Solo nodded. “That took courage, babe.”
“Or maybe just exhaustion.” Janie laughed softly. “I got too tired trying to earn love from someone who’s incapable of giving it freely.”
“Now you can use that energy for the people who do love you like that. For our daughters and me.” She kissed Janie again. “But especially for yourself.”
“For myself.” Janie nodded. “That’s the hardest one.”
“I know, but you’ll get there. We’ll get there together.” Solo’s phone buzzed on the nightstand, but she ignored it. Right now, nothing was more important than holding her wife and reaffirming their promises to build the foundation they needed for whatever came next.
They’d survived a level of hell. The separation. The custody case. The secrets, and shame, and fear of losing everything they’d created together. And they’d come out the other side stronger.

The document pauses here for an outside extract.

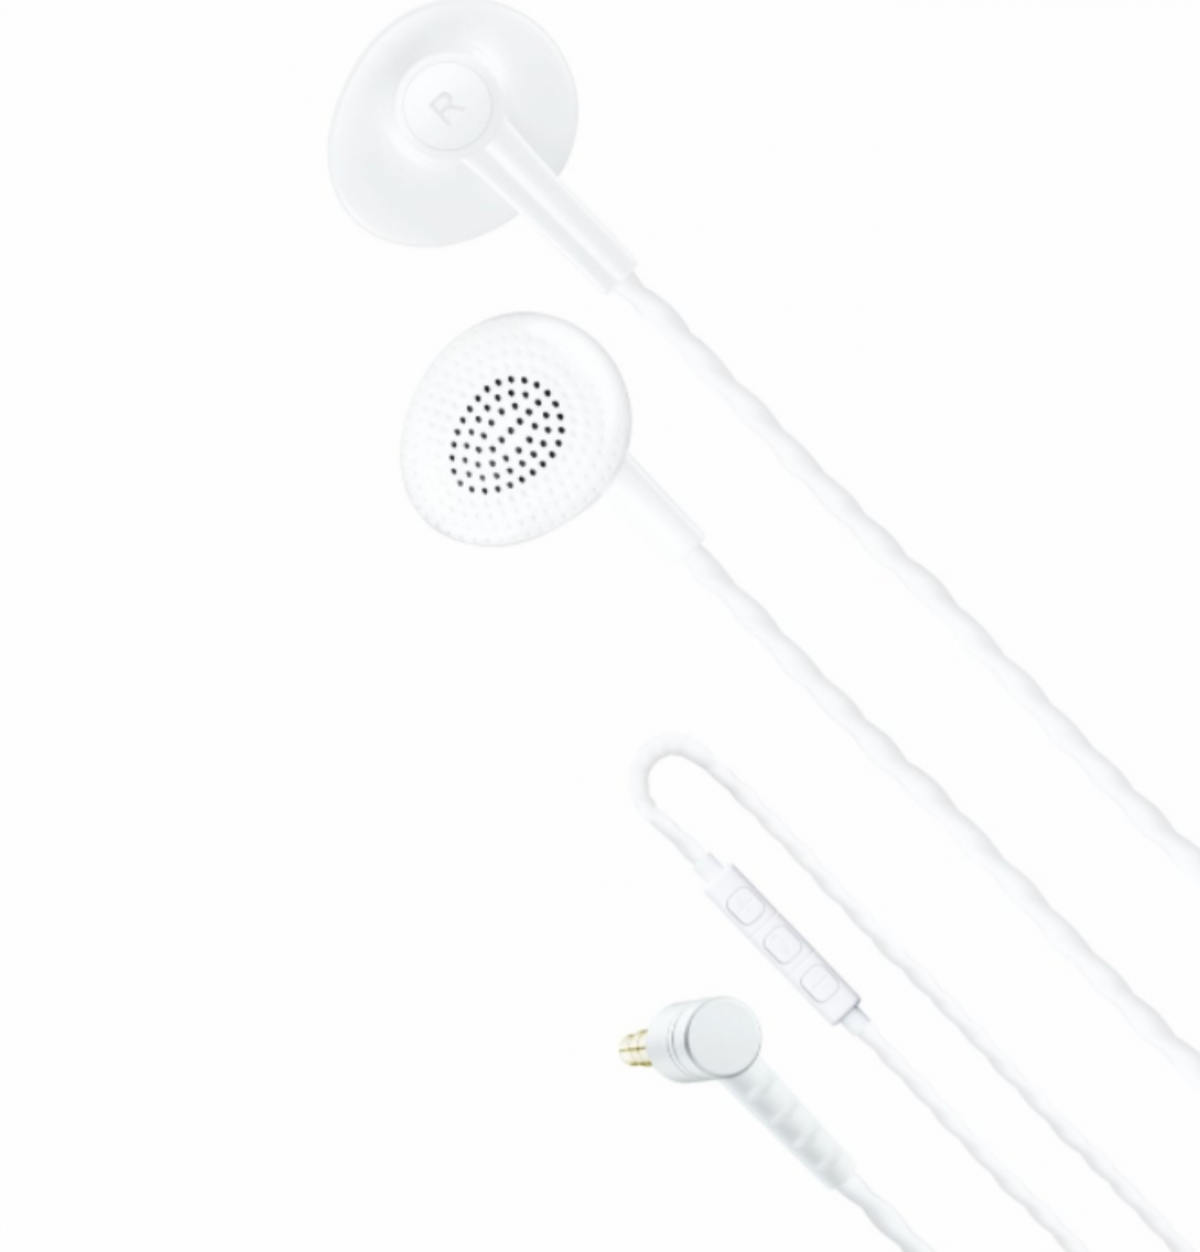 Bonnaire MX-100 平耳佩戴式立體聲音樂和通話耳機 (白色) MX-100w
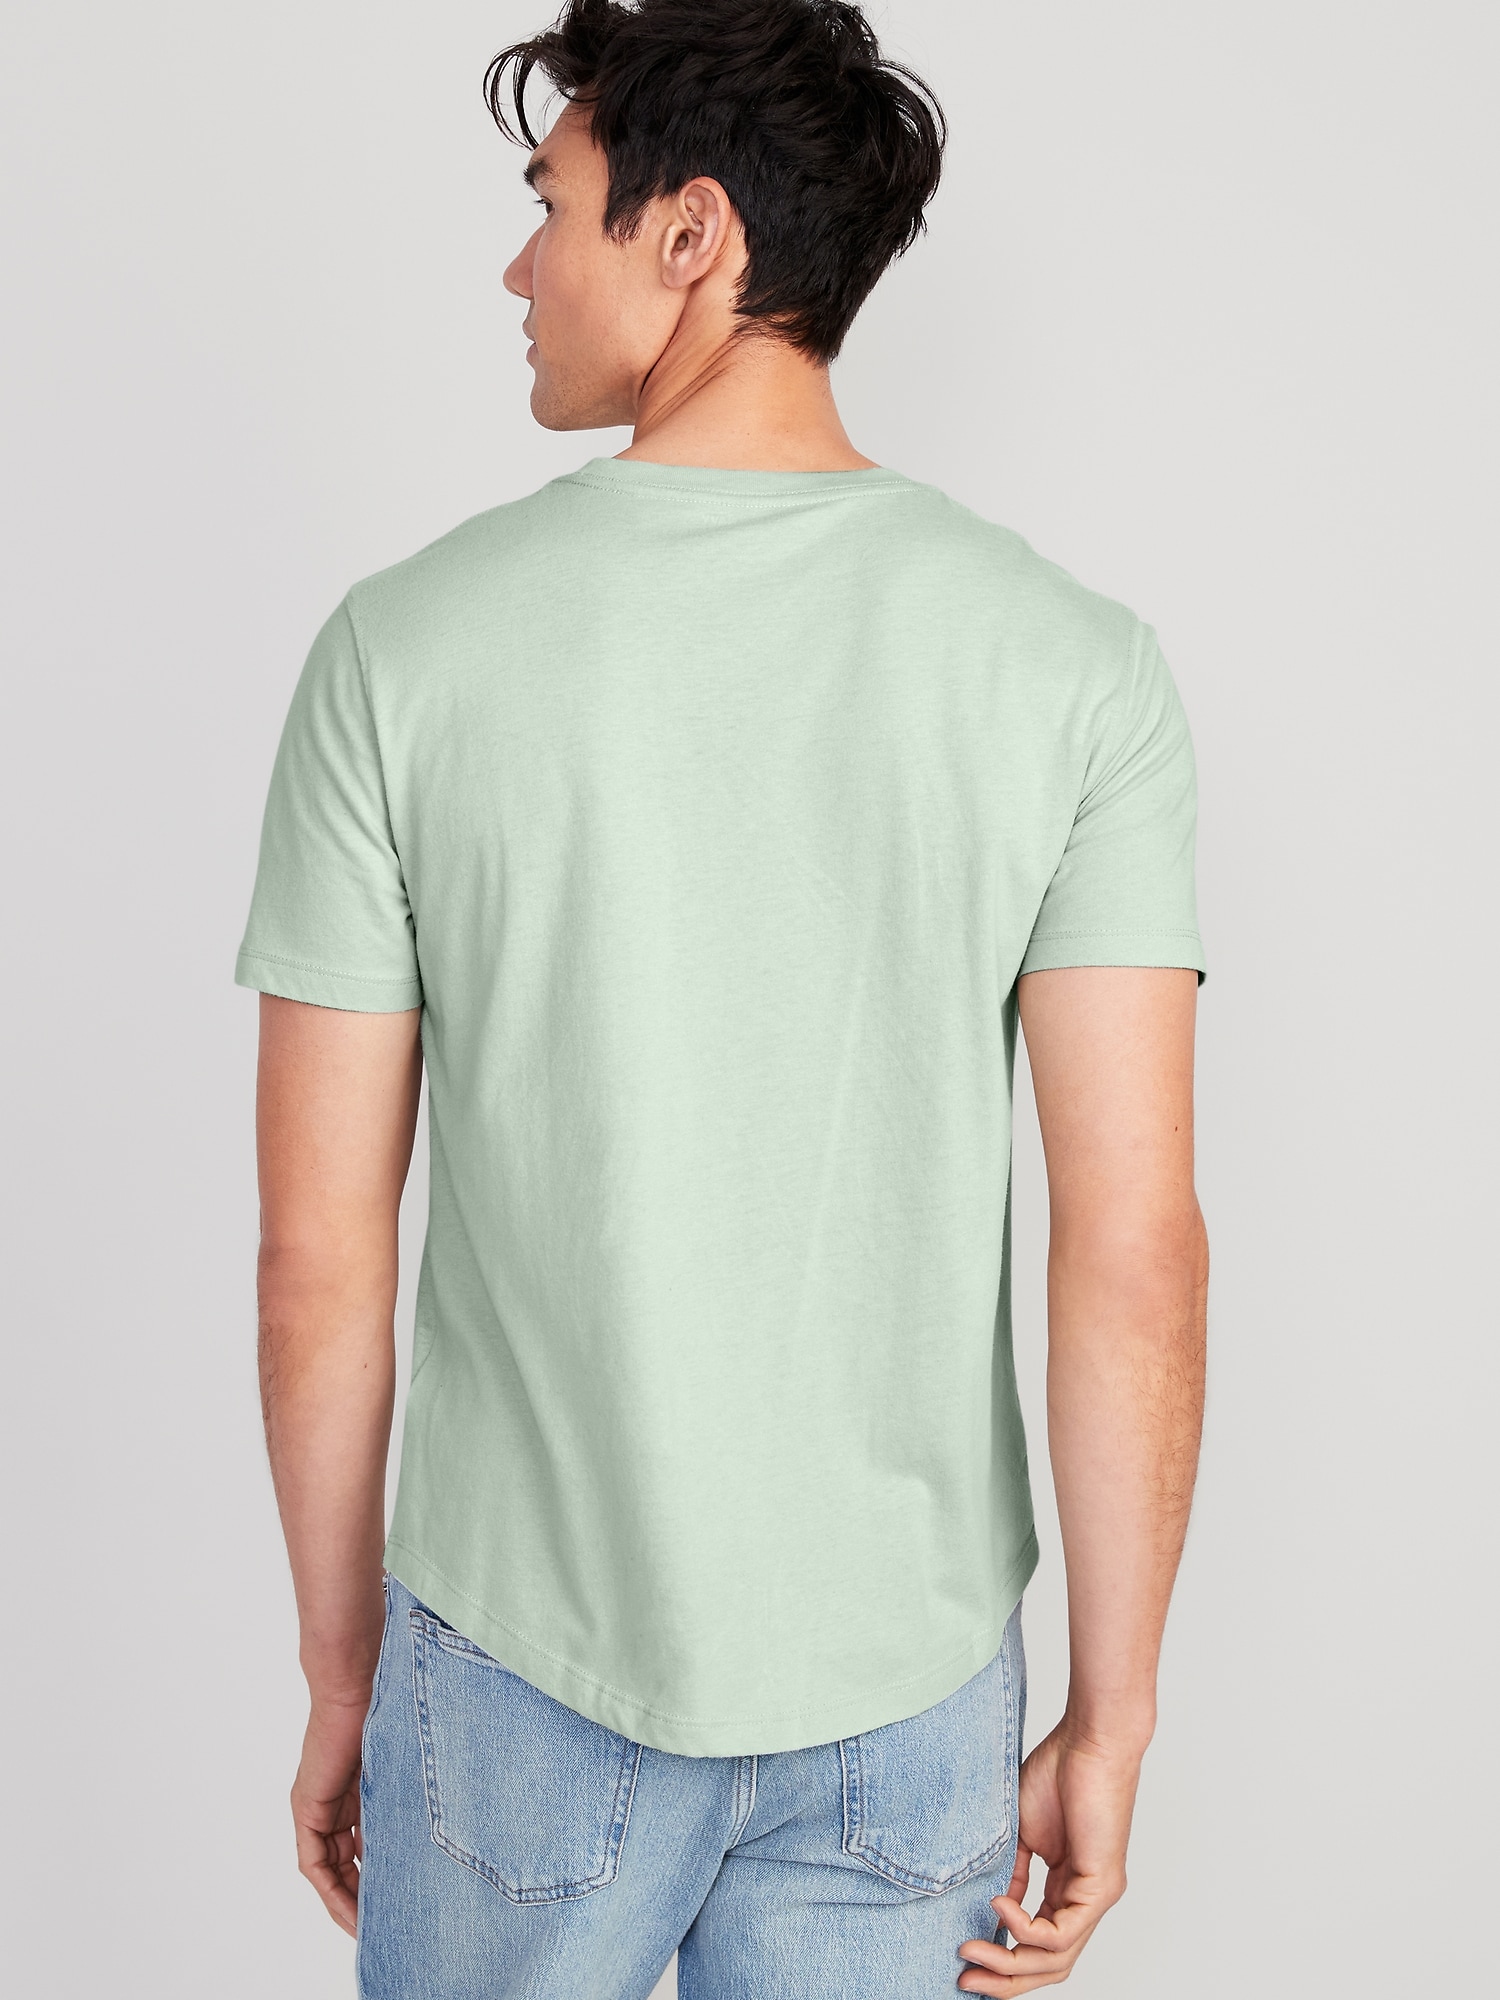 Soft-Washed Curved-Hem T-Shirt | Old Navy

“We should probably get up,” Janie said without making any move to actually do so. “Everyone will be home soon.”
“Five more minutes and then we’re done,” Solo repeated the line from one of the girls’ favorite animated movies and pulled her closer.
Janie chuckled. “Okay. Five more minutes.”
They lay there in the fading light, arms wrapped tightly around each other, and contentment settled in Solo’s chest. She had her perfect little family back together again, and that was all she’d ever needed.